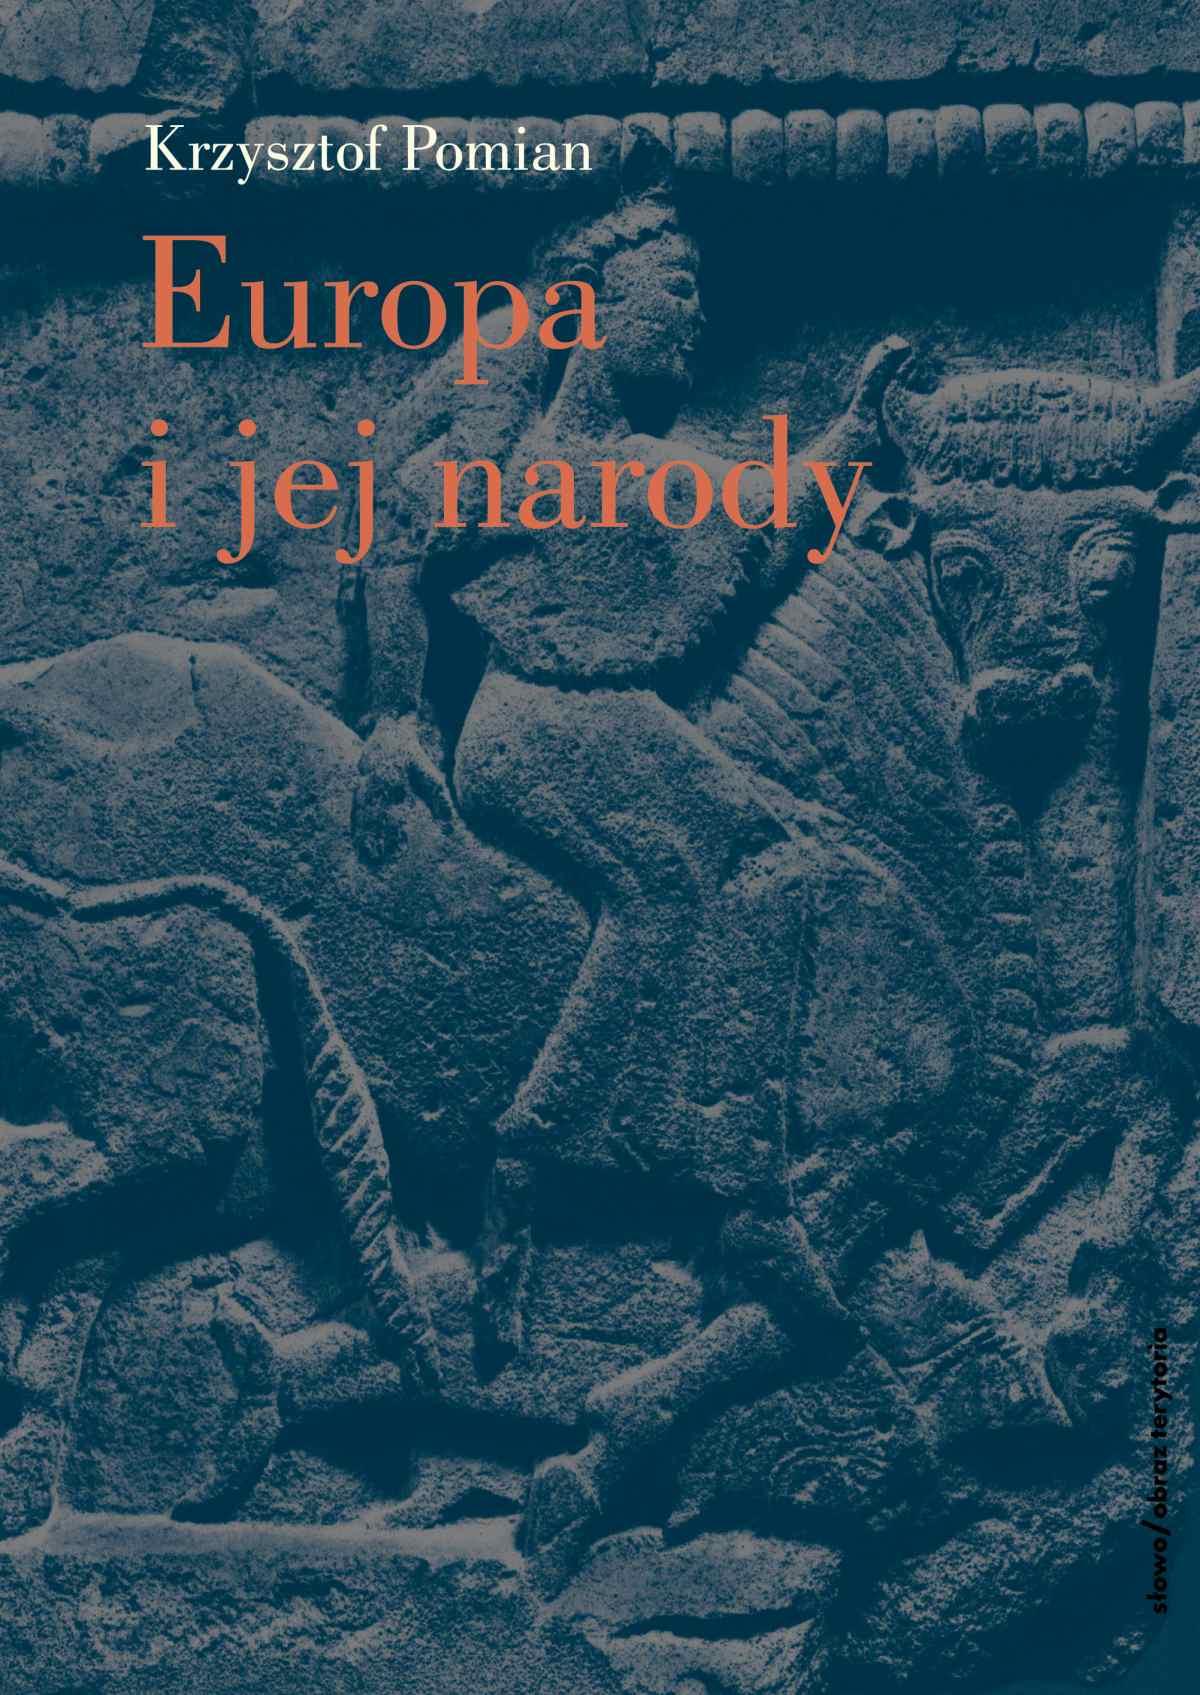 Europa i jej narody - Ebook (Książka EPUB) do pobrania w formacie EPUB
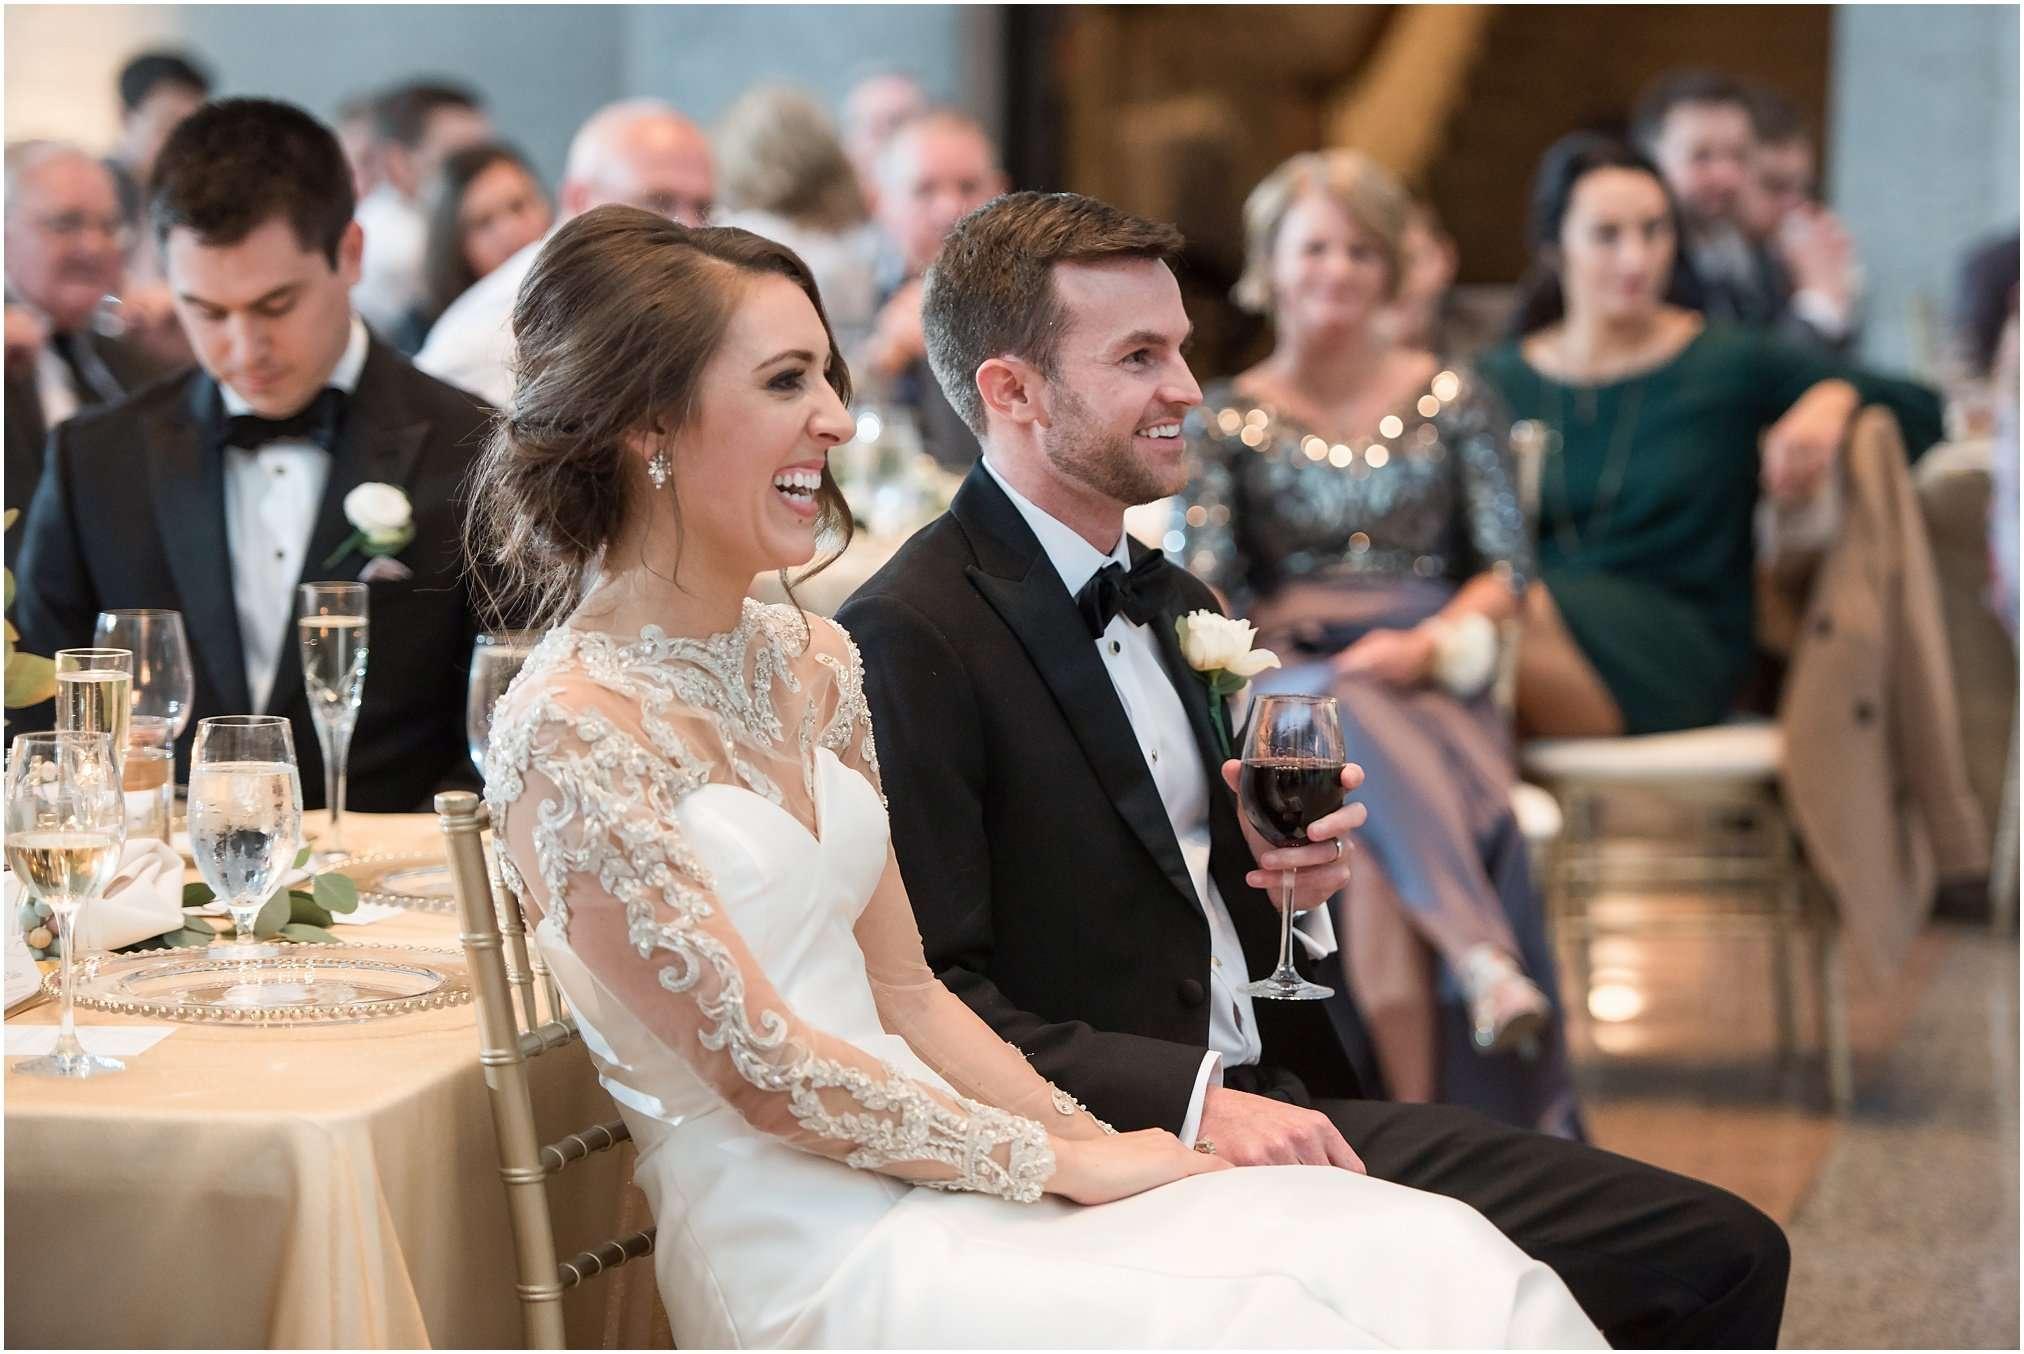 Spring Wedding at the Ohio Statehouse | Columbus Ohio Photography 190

...

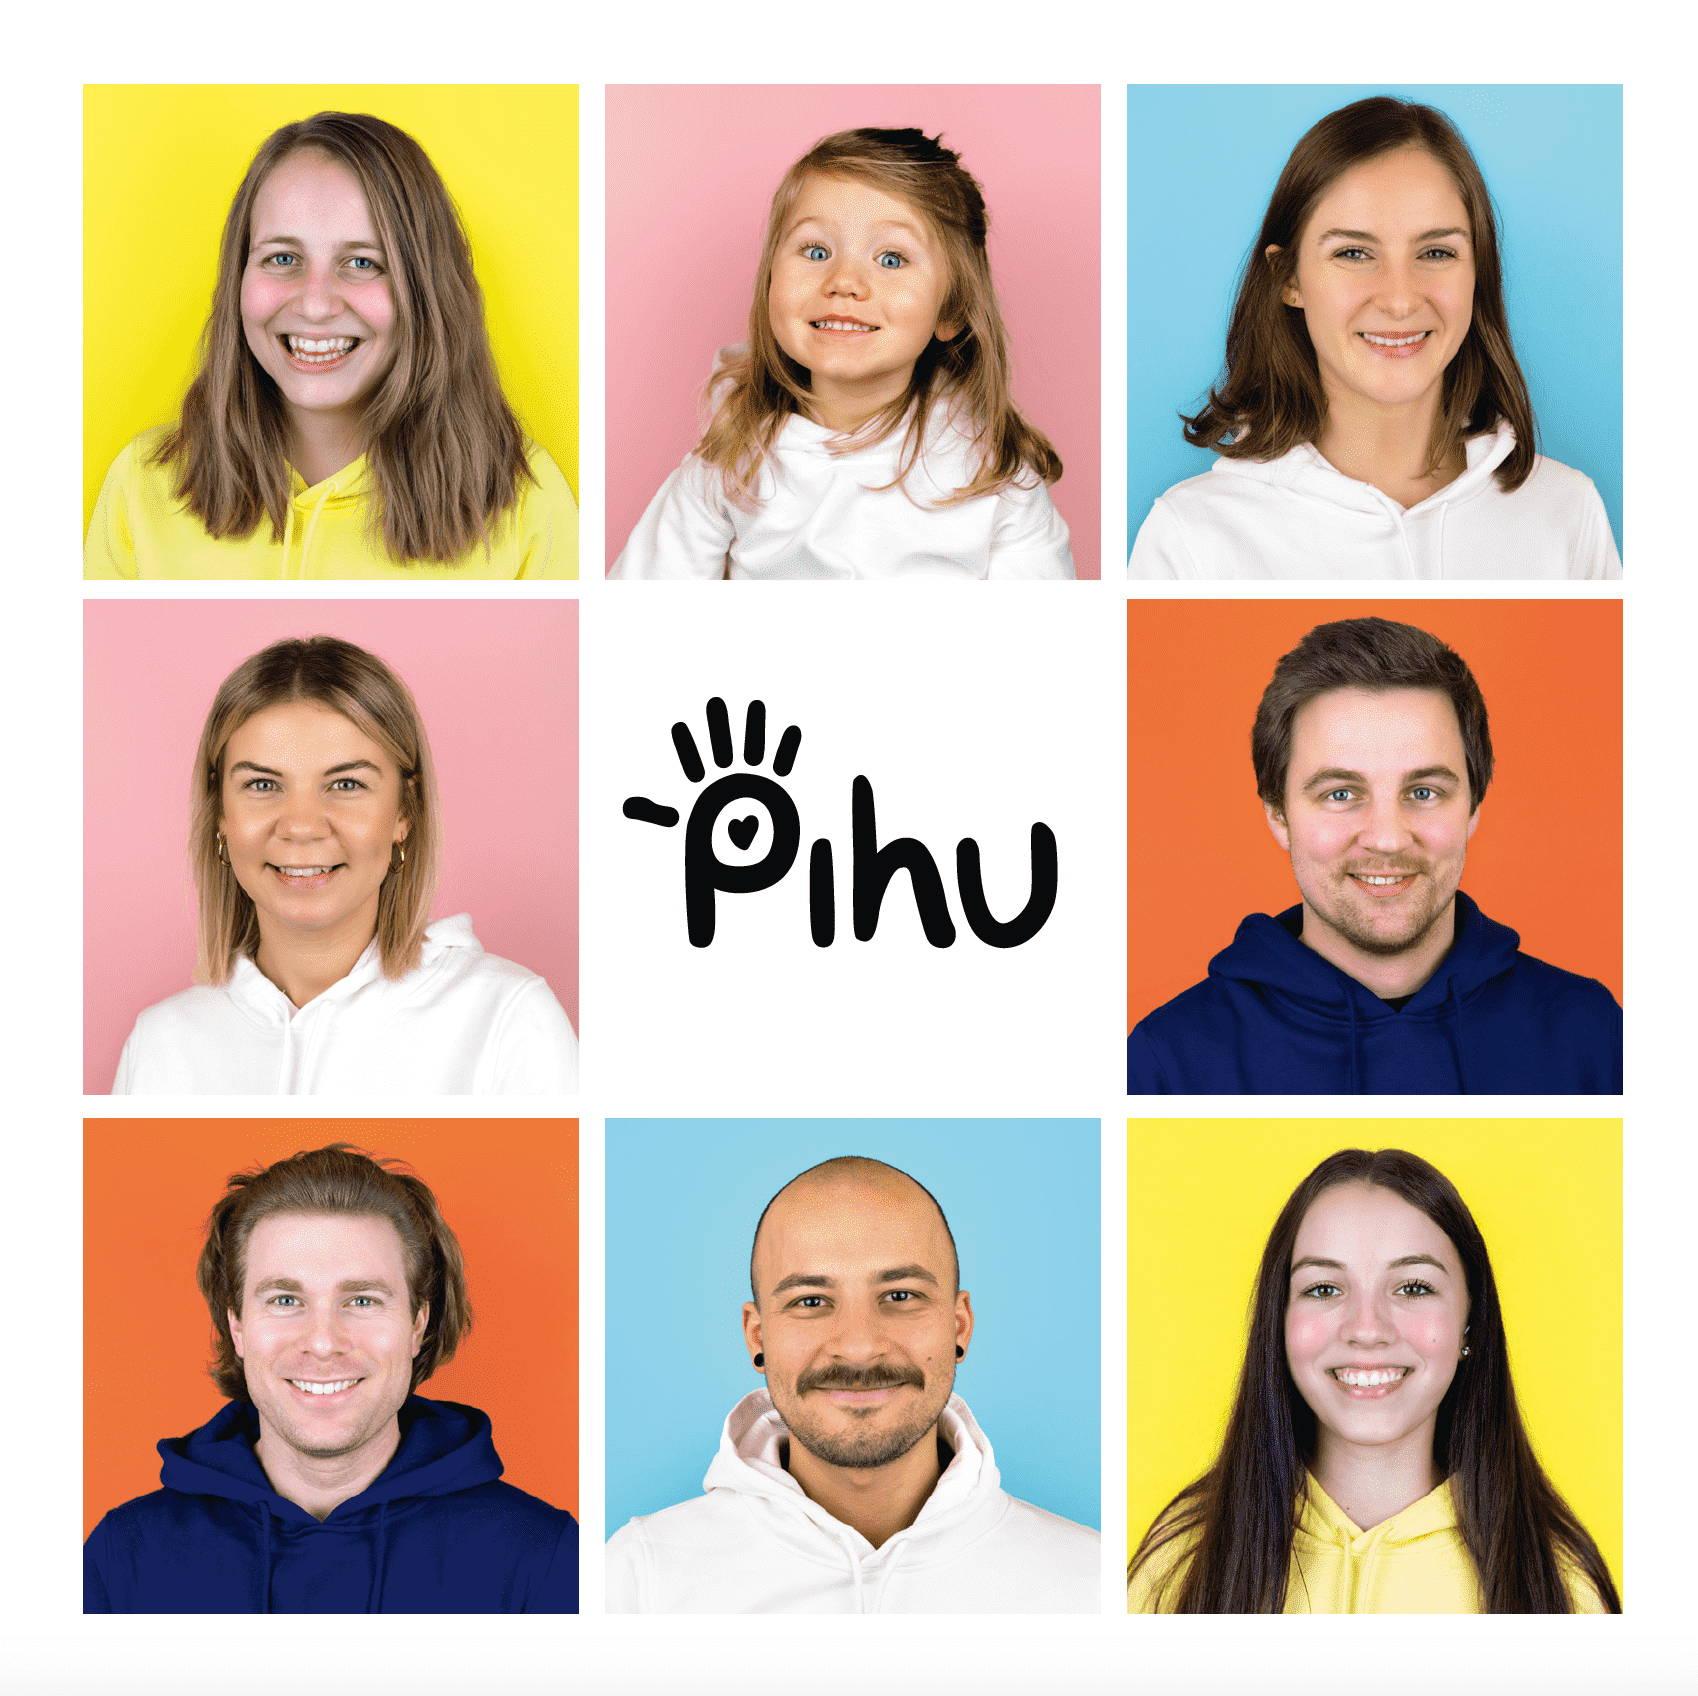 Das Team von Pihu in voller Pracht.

---

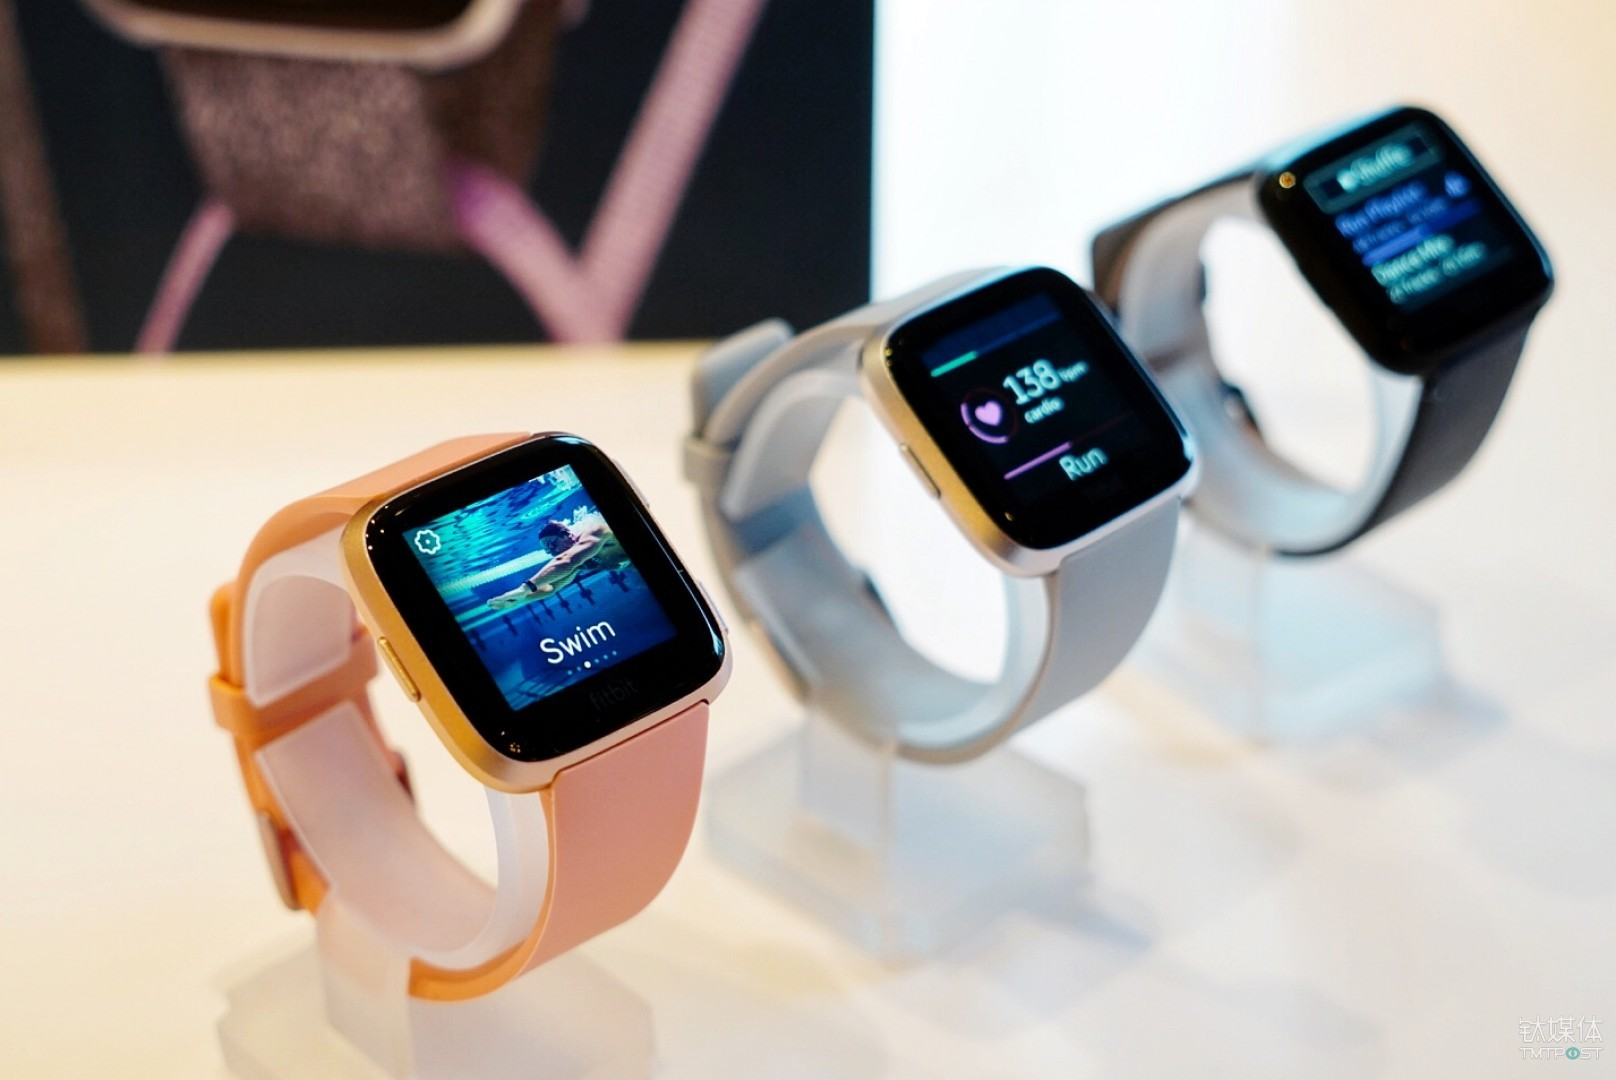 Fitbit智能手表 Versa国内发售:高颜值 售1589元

• **Directions**
Above are some records. Reproduce the lines from the one with "Europa i jej" down to the one with "Spring Wedding at", keeping both, and leave every picture out.

• **Answer for the task**
 Europa i jej narody - Ebook (Książka EPUB) do pobrania w formacie EPUB
 Spring Wedding at the Ohio Statehouse | Columbus Ohio Photography 190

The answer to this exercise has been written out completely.